Contrast-enhanced abdominal computed tomography (CT) revealed multiple masses of varying sizes in the left lobe of the liver, of which the largest mass was of approximately 170 mm × 120 mm × 130 mm (Figure 1). The largest mass partially extended through the hepatic capsule, and patchy calcifications were observed within it. The solid component of the mass demonstrated hyperattenuation during the arterial phase, followed by wash-out in the portal venous phase, while the necrotic area showed no enhancement. Tumor thrombus was observed in the left branch of the portal vein. Additionally, irregular contours, lobar disproportion, and a widening of the hepatic fissure were observed. A small amount of ascites was also present. The final imaging diagnosis was HCC with portal vein tumor thrombi formation.

Figure 1 Contrast-enhanced abdominal computed tomography (A-E). Multiple masses of varying sizes were observed in the left lobe of the liver, with the largest mass partially extending through the hepatic capsule and exhibiting patchy calcifications (A). The solid component of the mass demonstrated hyperattenuation in the arterial phase, followed by wash-out in the portal venous phase, while the necrotic areas showed no enhancement (B-D). Tumor thrombus was observed in the left branch of the portal vein (E), along with a small amount of ascites. Pathological examination (F) of the radical resection specimen (hematoxylin and eosin, 200×) of the tumor indicated that the tumor cells were short and spindle-shaped, with round or oval nuclei and prominent nucleoli. A mitotic figure was observed, and the tumor cells were diffusely arranged, with varying amounts of bone-like tissue (as indicated by the large arrow) visible in a grid-like pattern. In some areas, osteoclast type multinucleated giant cells (as indicated by the small arrow) were present.

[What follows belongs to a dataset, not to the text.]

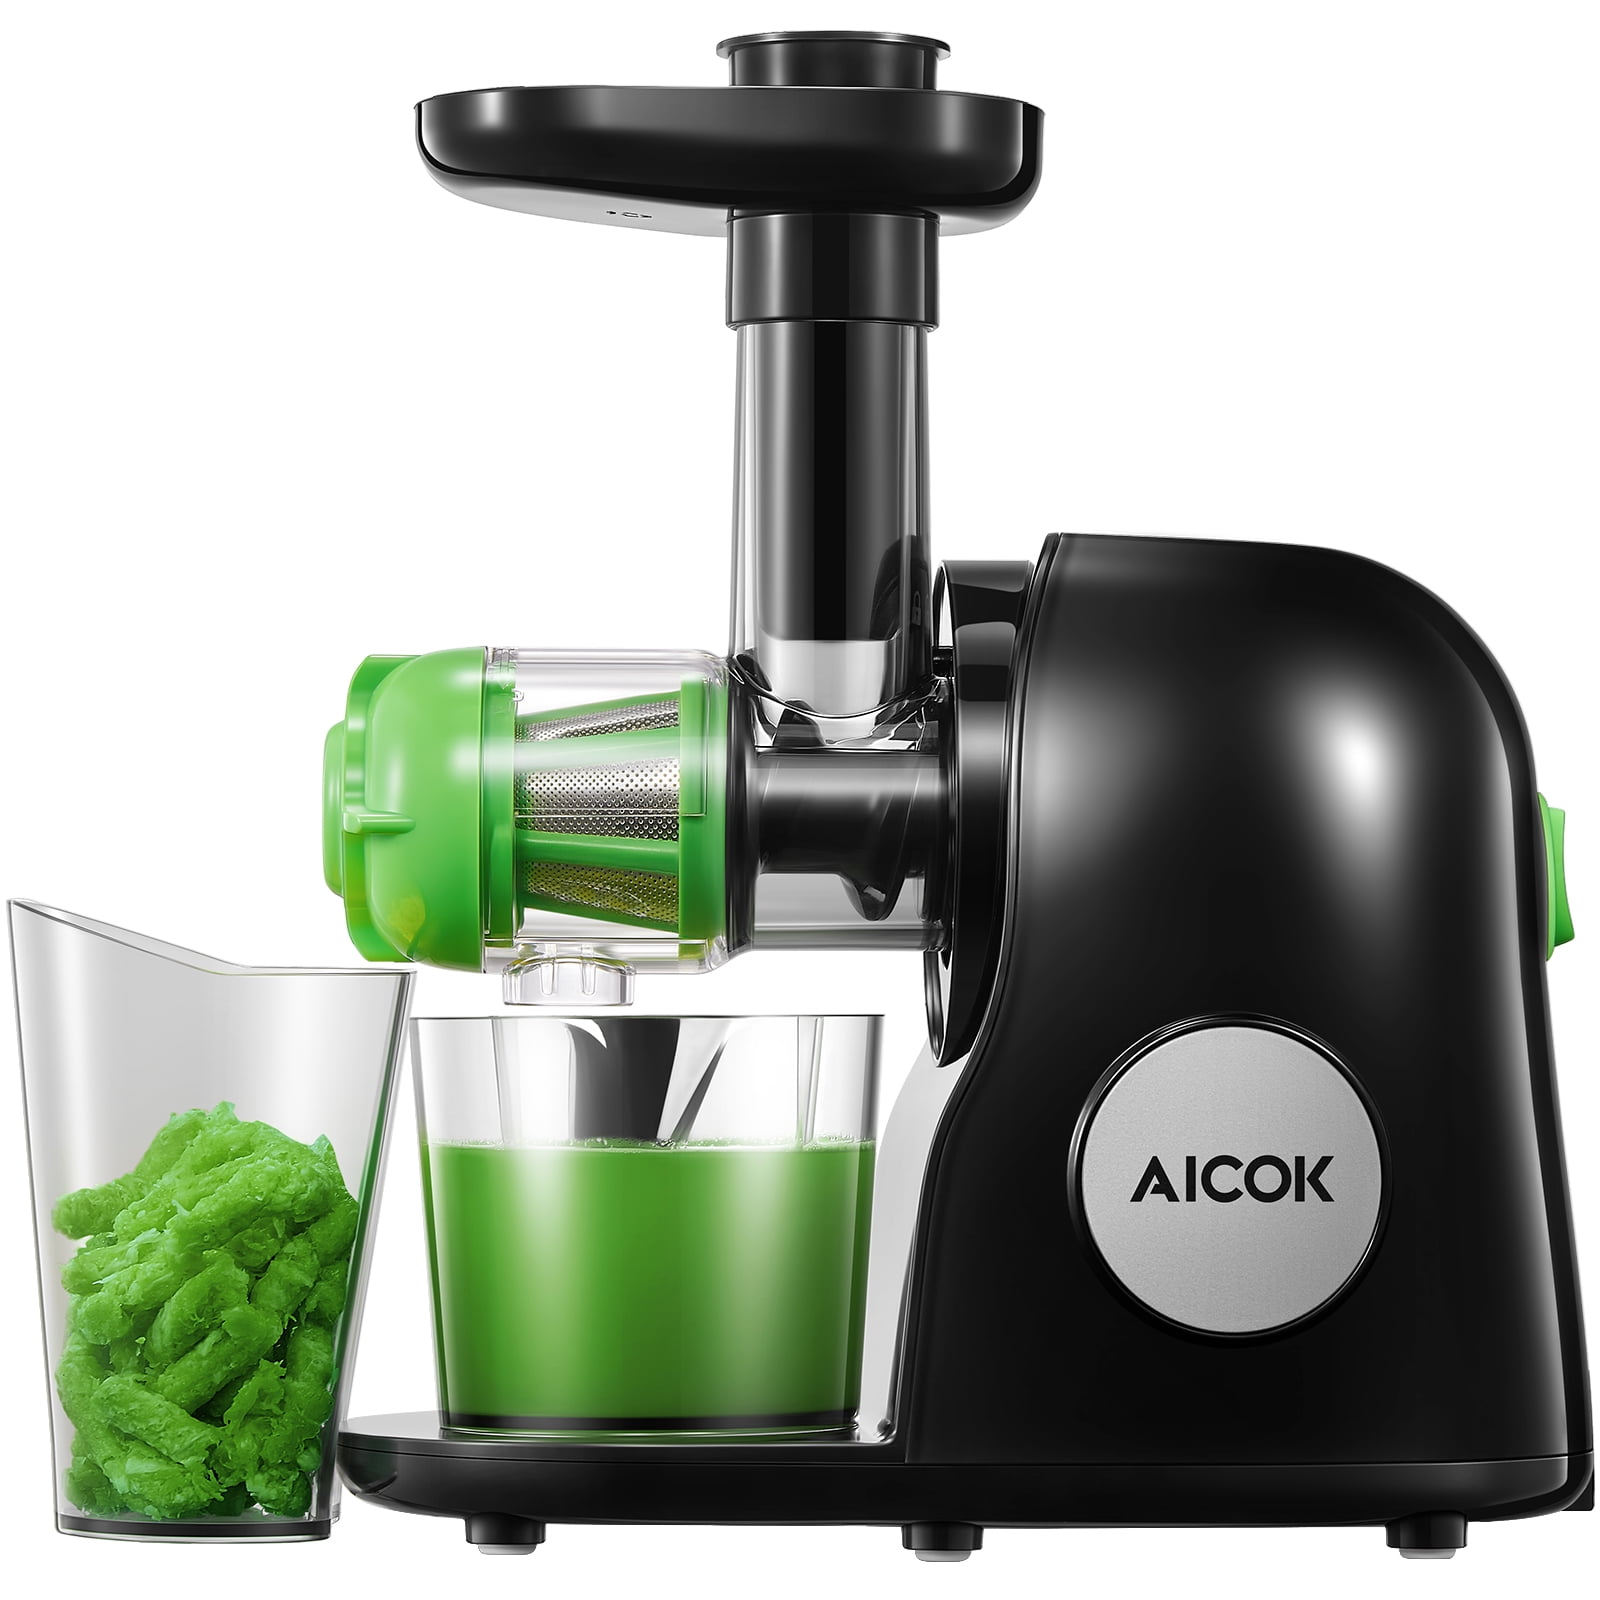 Juicer vegetables and fruit Aicok slow juicer with reversing function,

The patient underwent transarterial embolization and hepatic arteriography due to a progressive decrease in the hemoglobin concentration after liver biopsy. Post-embolization arteriography confirmed the occlusion of tumor-supplying arteries of the left liver lobe, and the deposition of iodized oil in the tumor. Subsequently, the patient underwent a left hemihepatectomy due to his strong desire for surgical intervention. Intraoperatively, a huge ruptured and bleeding tumor was identified in the left outer lobe of the liver, which was brittle and invaded the greater curvature of the stomach, greater omentum, duodenum, jejunum, and spleen, with extensive intestinal adhesions. Metastases were also visible in the right lobe of the liver.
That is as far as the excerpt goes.